My only addition to the other comments is the photography is remarkable for its era, almost an outdoor film noir, a romantic realism in black and white. (And note that in a number of shots it is clearly Robert Stack doing his own bullfighting!) I note that the film was produced by John Wayne for Republic, obviously mostly in Mexico; just one year later Republic permitted John Ford to make THE QUIET MAN in Ireland; early examples of American filmmaking in an international context.
Don't hesitate to see this extraordinary film.
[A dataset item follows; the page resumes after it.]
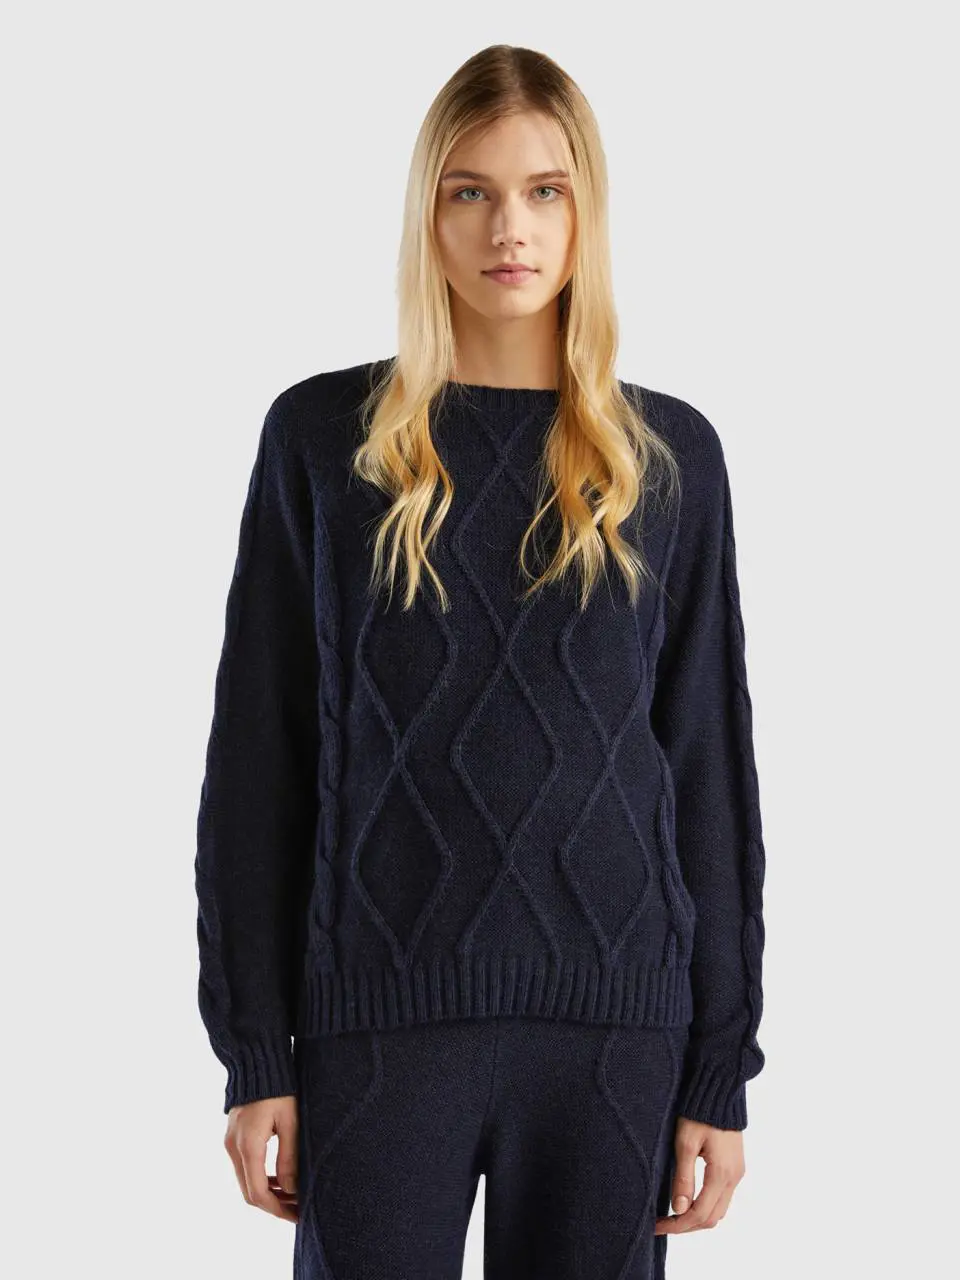 Benetton sweater with cables and diamonds. 1

- Good on the Corrida 2/10/2008 12:00:00 AM by hcoursen
I was surprised by this one. It is an excellent introduction to La Fiesta Brava, showing, for example, many versions of the Veronica as performed by the best Mexican matadors of the late 40s. Luis Procuna, Alfredo Leal, Silverio Perez and the great Carlos Arruza are absentees. Stack, apparently, mastered enough of the technique to perform ably with a heifer -- and that itself is not easy. The background of the corrida -- particularly the tienta (or testing) -- is well documented and the vast Plaza Mexico appears with dramatic effect -- both filled and totally empty. Some of the b/w sequences in the bullring are breathtaking. The problem with the film is Stack's character, who behaves very badly very consistently and really does not seem to learn from his vivid errors. Furthermore, he makes no effort to master even the rudiments of Spanish. Otherwise, the film is compelling. I also recommend the Azteca film of about the same period, "Torero," a documentary about Luis Procuna, starring Procuna. He does not need a stand-in. As an introduction to bullfighting that does not show much of the picing or the actual kill, I recommend "Bullfighter/Lady."